A hike always begins with a look at the weather forecast. I would be hiking solo so I could be very flexible. It was supposed to rain in the morning so I decided to go for a later start.
The next morning the weather reports changed to afternoon rain… and possible t-storms. I had planned to ascend the Tripyramids via the North Slide. I had two hours on my drive up to make a final decision on my route. I could always hike up Sabbaday Brook or Pine Bend Trail instead. I really wanted to revisit those slides. When I was close to Waterville Valley I looked up the weather again and it said clear skies. It was the best day we’ve had in weeks. The slides were a go!
Before ascending North Slide, I began at the Livermore Trail. It is mostly flat and was a beautiful vibrant shade of green. It was a beautiful start to my day. Even the ground sparkled from all the mica!
After over three miles of flat trail, I was ready for some vertical.
The beginning of the Mount Tripyramid trail was where the fun began. I wore my Vibram Five Fingers for this hike. While I don’t wear them on some of the more rocky 4ks, I thought they’d be a good fit for the slides.

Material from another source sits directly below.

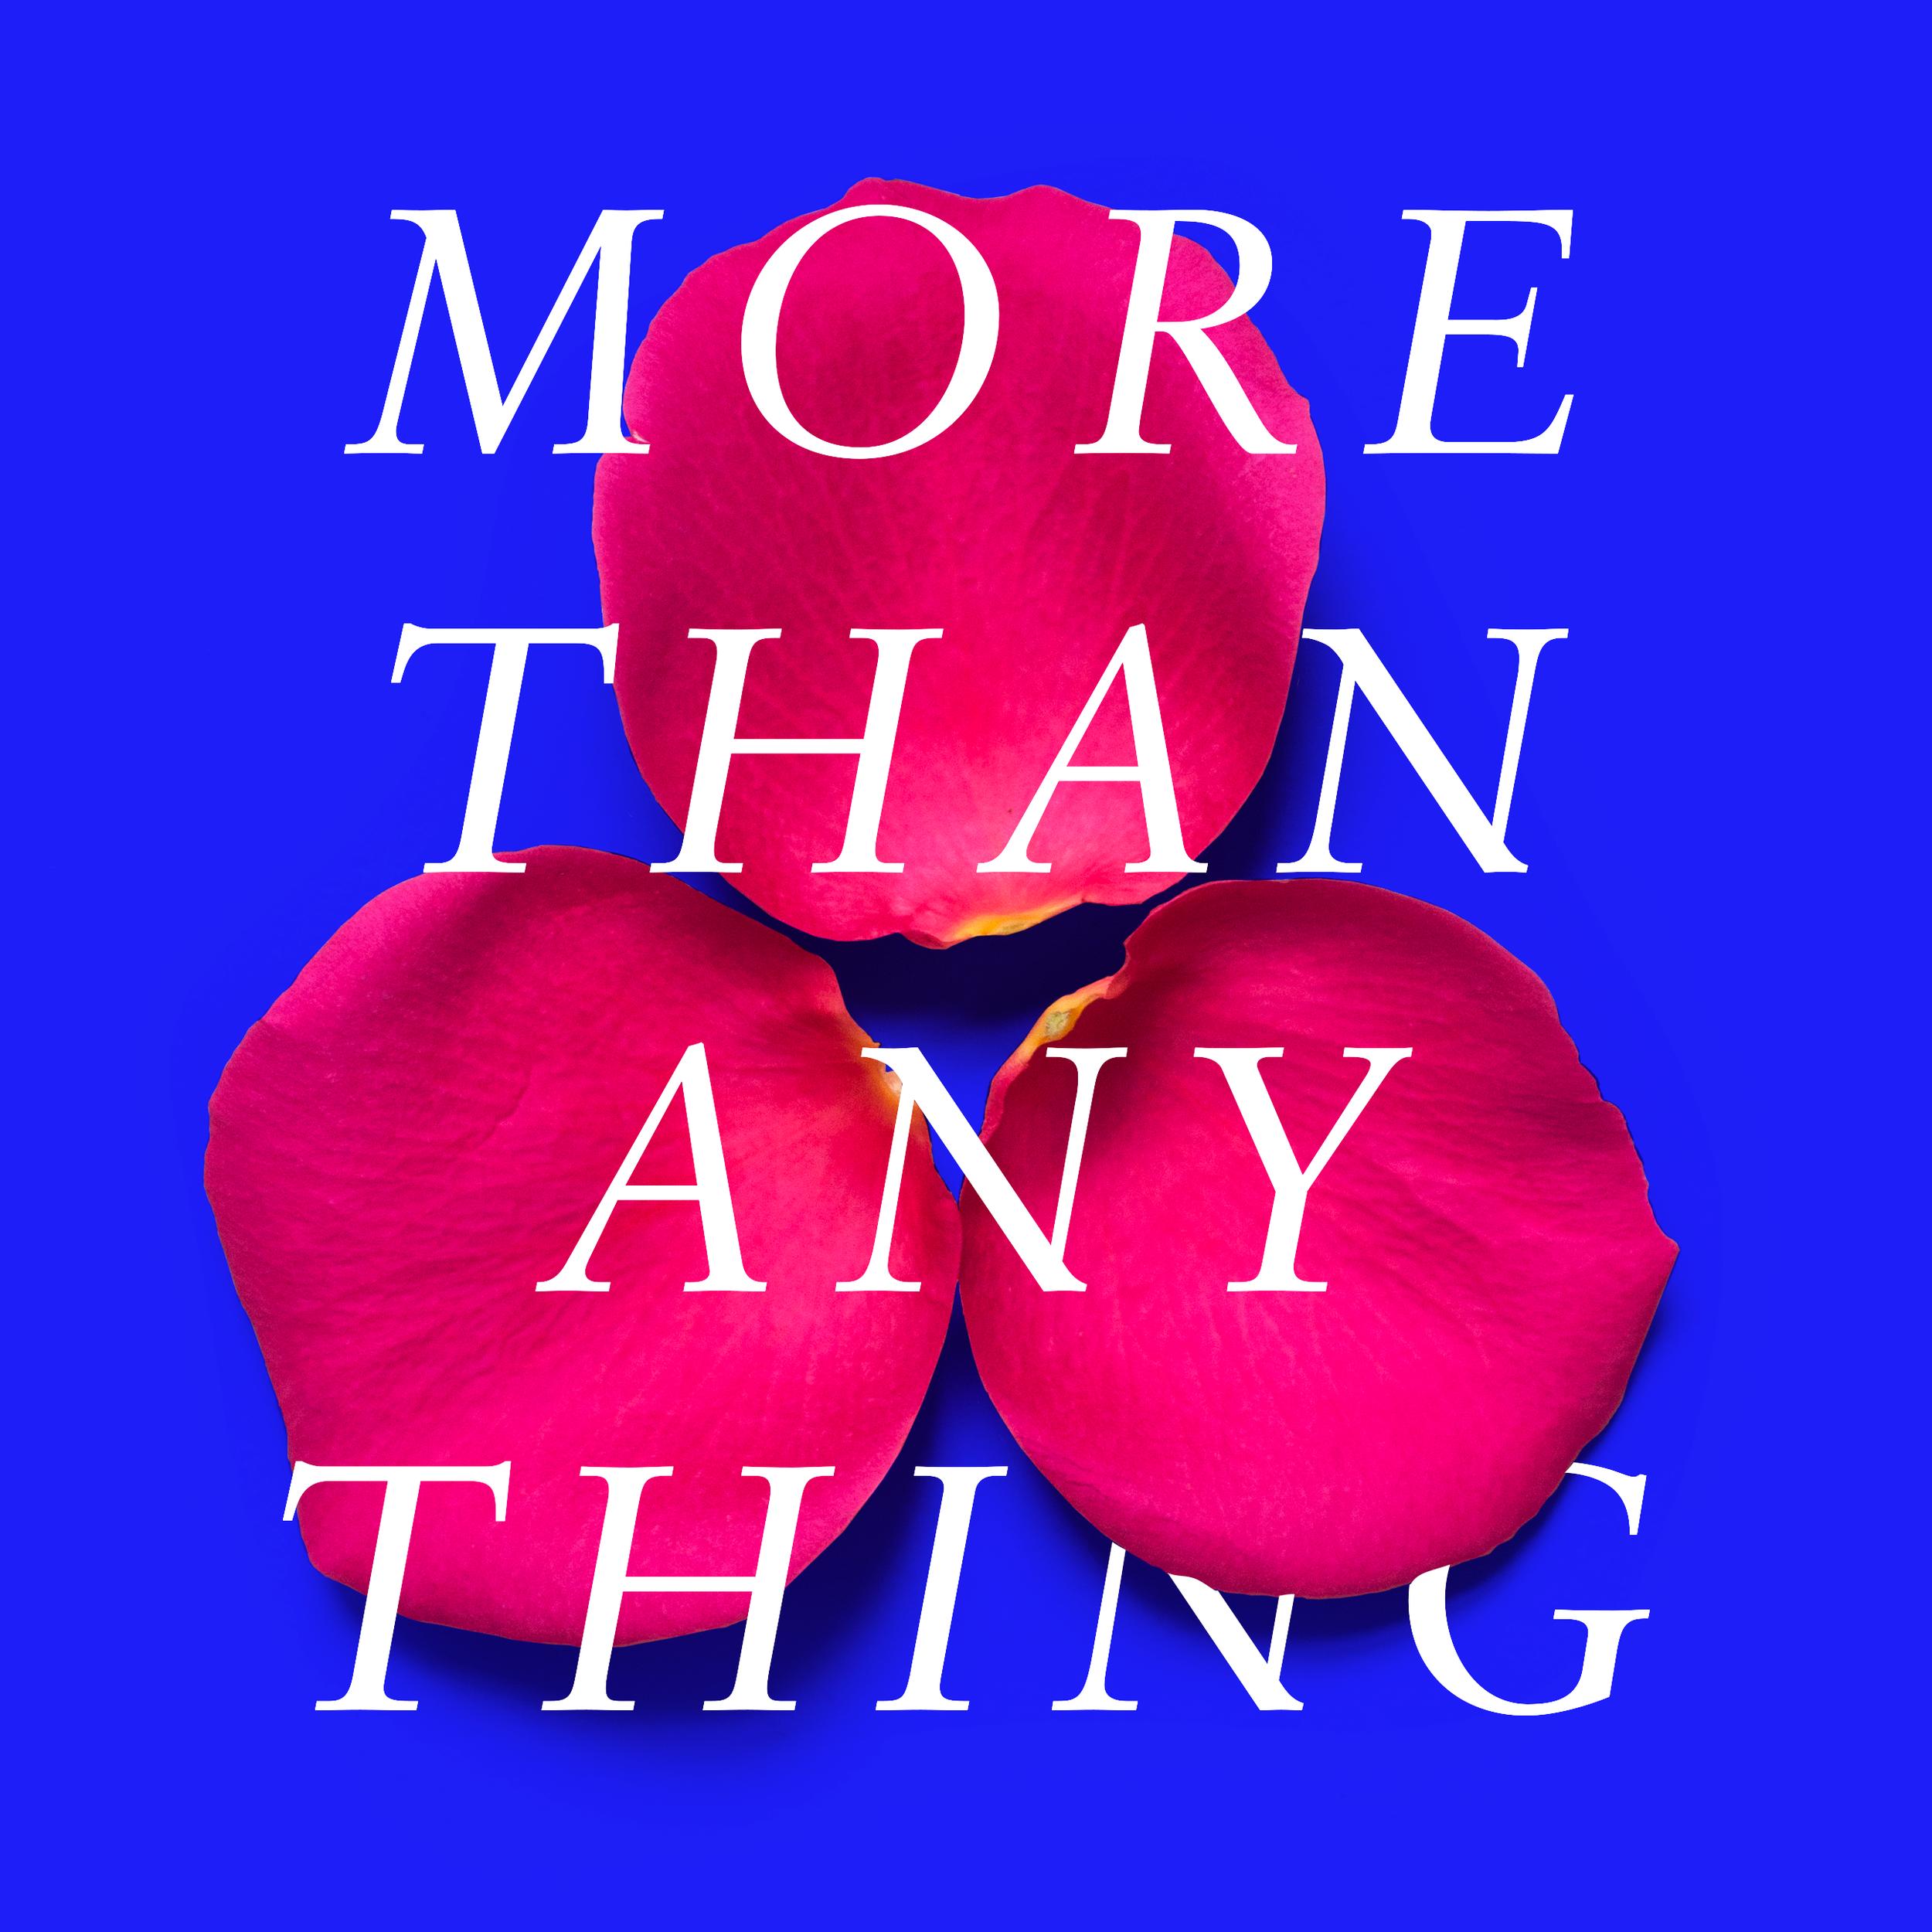 MoreThanAnything-Vineyard-Layered.png

Then I arrived at the mud pit. I attempted to navigate my way around and find dry rocks to amble my way across, but each “rock” turned out to be a sinking pile of moss and each branch was decayed and slowly sank under my weight. There was no way around. It was a good thing my Vibrams dry quick!
After my failed attempt at gracefully navigating through the swamp, I was flanked on both sides by poison oak (?? picture below). I have never had a reaction to any plant, but I wasn’t taking any chances!
Soon enough I escaped the woods and its gnats, mud pits, and poisonous plants. I was ready to go up.
|The very sad looking start to the slide|
The North Slide is 45 degrees and consists of a mix of scree, boulders, and large rock slabs. It is pretty shaded so you are likely to encounter some wet sections. The White Mountain Guide warns hikers not to ascend if the trail is wet. Last time it had been a little wet on the slides so I knew what I was getting myself into.
It turned out to be an absolutely gorgeous day hiking under a bright blue sky. That is, until it began to rain.
All of a sudden a giant cloud rolled in and large rain drops began to fall. I quickened my pace and made my way closer to the right side of the trail. Only a few dozen more feet up the slide in the rain.
As I approached the top of the slide, another female hike took a spill. She was ok, but I soon found out the pair had lost the trail and returned to a familiar spot to gain their bearing. I pointed them in the right direction (to the left) and they were on their way again.
At the summit I had some jerky and then an almond butter cup. It was the best pairing! Down the trail I ran into the two women from earlier and talk for a few. I continued on the trail and as I was approaching Middle Tripyramid, I saw a man with a Dunkin Donuts poncho and leopard tights around the bend. The two were planning on staying overnight and then hiking Whiteface and Passaconaway the following day. Despite their heavy packs, they were going at a good pace. Maybe it was the tights. I hiked with them to East Sleeper.
After South Tripyramid, we began to descend South Slide. They asked where the Kate Sleeper Trail could be and I knew it was part way down the slide from a fellow hiker (thanks!) so I told them to continue down and look to the left. It was an obvious trail and even had some yellow paint on a rock to mark the entrance. The trail takes a turn and descends even further down. I just kept thinking about how I was supposed to go back this same route.
|Enter the Kate Sleeper Trail on left|
As I continued toward East Sleeper, I encountered the last remnants of winter.
As long as the giant blowdown (shown below) isn’t moved, the true summit of East Sleeper is easy to find. Just hop over and follow the sign!
I sat on a log and contemplated my descent. I knew what I would encounter going back to my car via South Slide. Looking at my map, Whiteface wasn’t too far. It was a little over two miles and I could descend via the Blueberry Ledge Trail. I had come up that route before. My decision was seconded by a man in leopard print tights.
I quickly arrived at the junction of Rollins and Blueberry Ledge. There was plenty of daylight and I was itching for more, so I took a left and headed toward Whiteface.
I hustled up Rollins Trail to the wooded summit of Whiteface. I remembered from my previous visit the number of ups and downs before you reach the true summit.
The descent was a lot of fun. I got to see some more amazing views, make my way down some more rock slabs, and listen to the birds sing.
19.6 miles and about 7000 feet of elevation gain and I’m done! Totally not what I planned, but exactly what I needed.